• _Required action_
Only the lines below between the one holding "Running Negro Hombre" and the one holding "Brax Dames Shakira jacquard broek Blauw", inclusive, are to be reproduced word for word; the pictures are to be left out.

• _Listed entries_
==*==
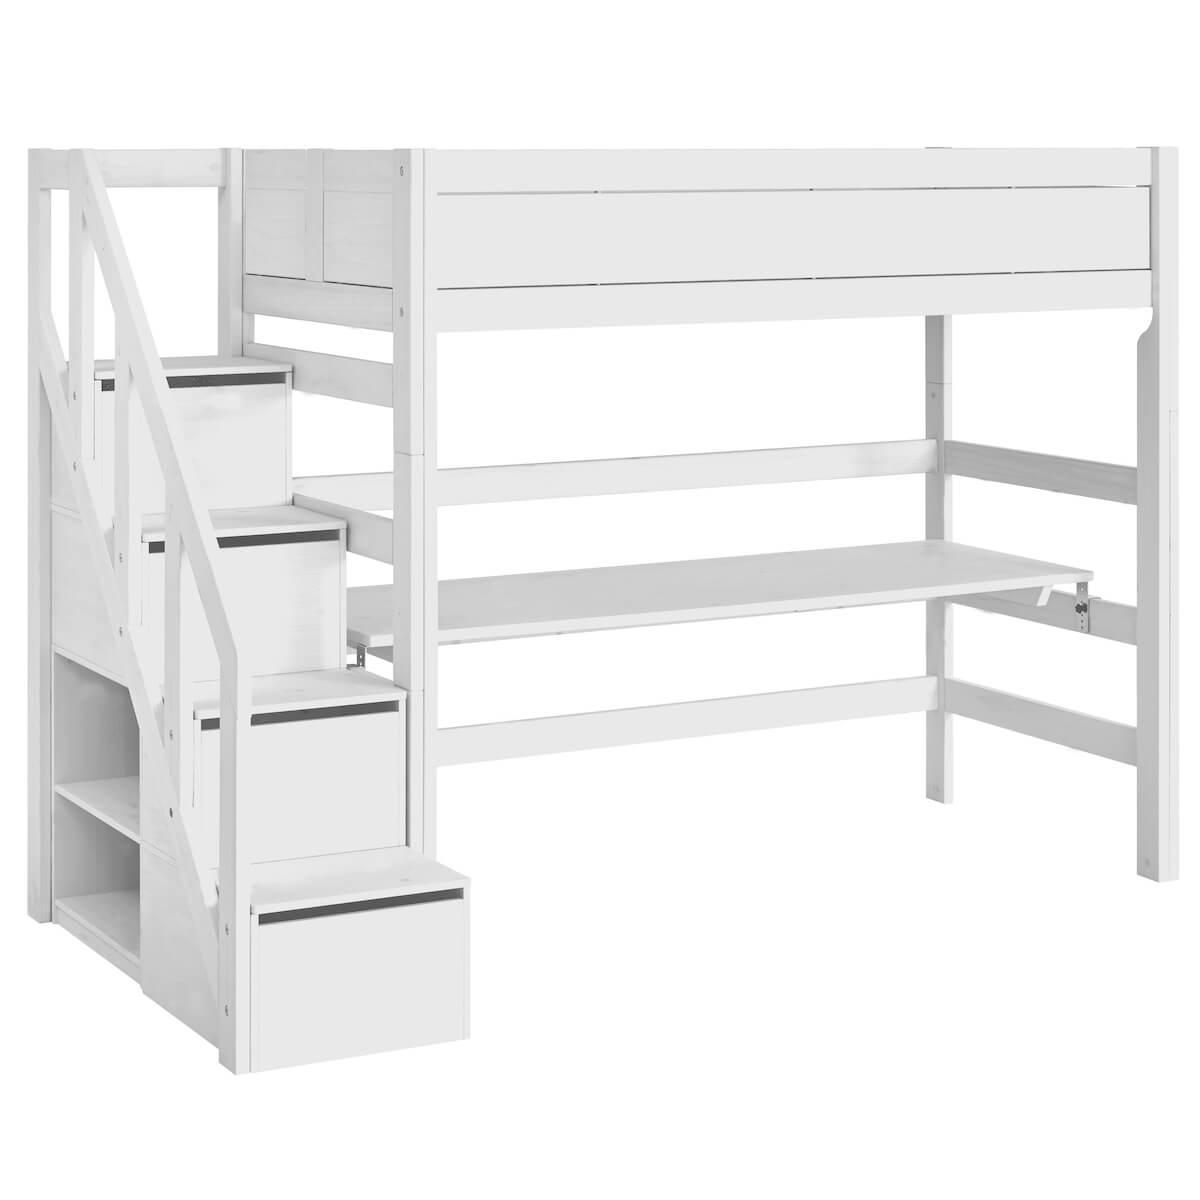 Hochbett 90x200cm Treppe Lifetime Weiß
==*==
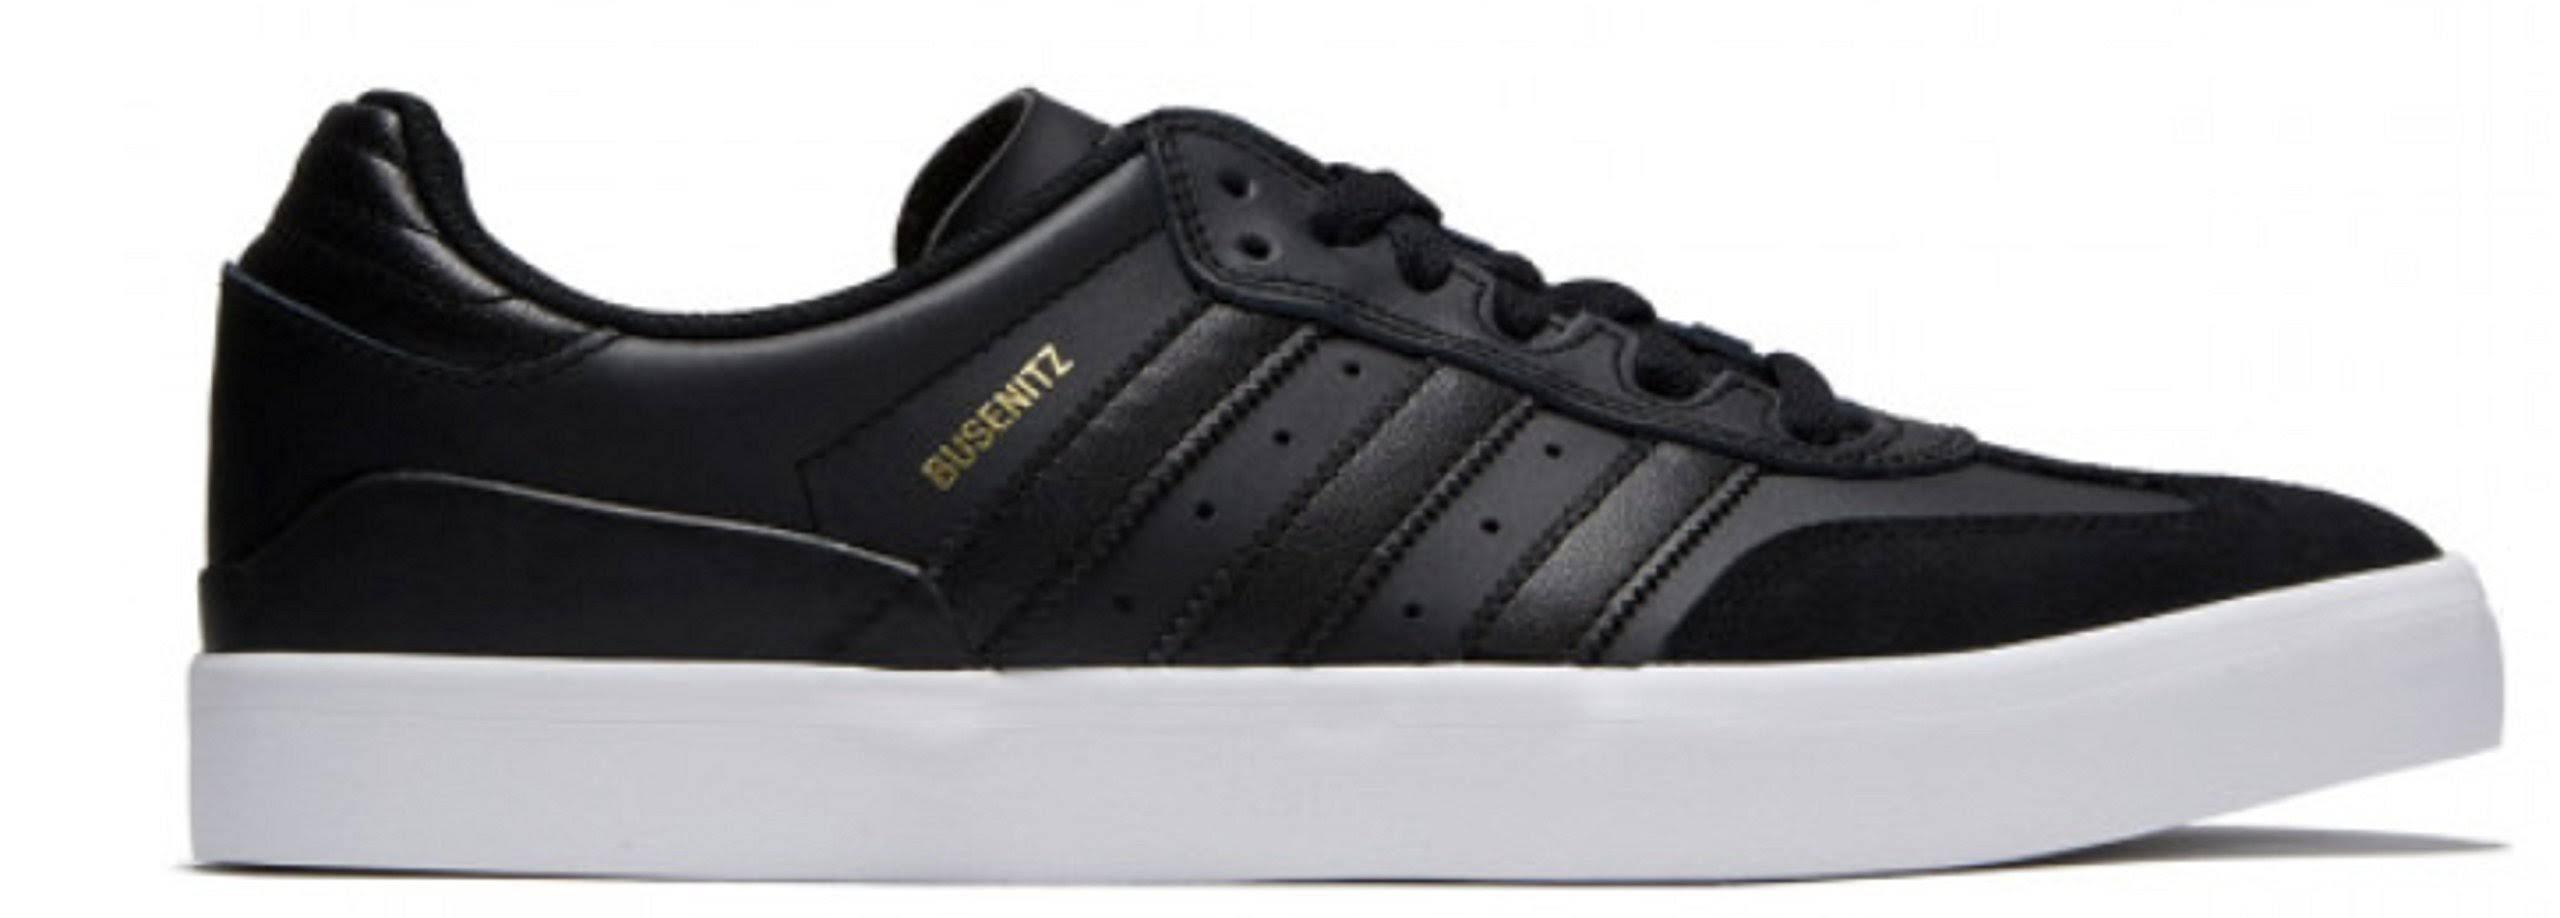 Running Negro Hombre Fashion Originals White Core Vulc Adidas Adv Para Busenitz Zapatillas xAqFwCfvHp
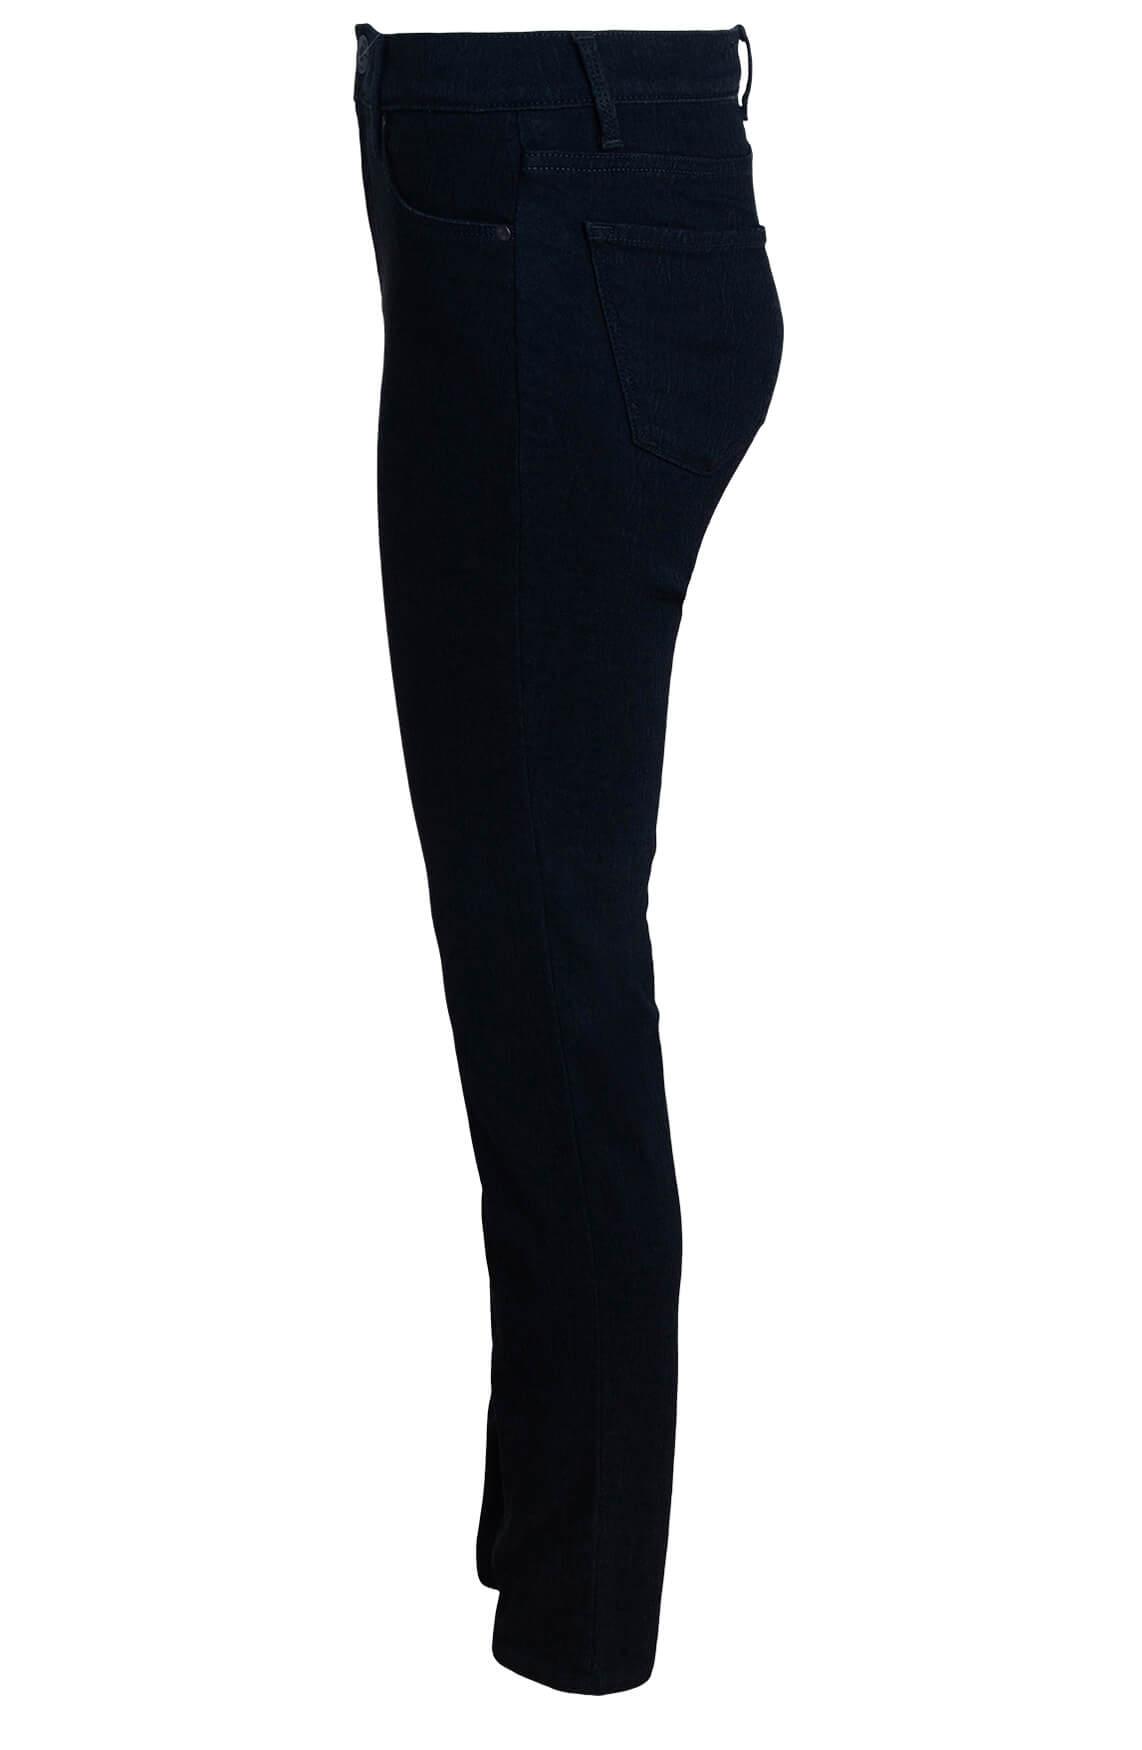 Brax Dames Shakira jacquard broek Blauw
==*==
• _Result of the exercise_
 Running Negro Hombre Fashion Originals White Core Vulc Adidas Adv Para Busenitz Zapatillas xAqFwCfvHp
 Brax Dames Shakira jacquard broek Blauw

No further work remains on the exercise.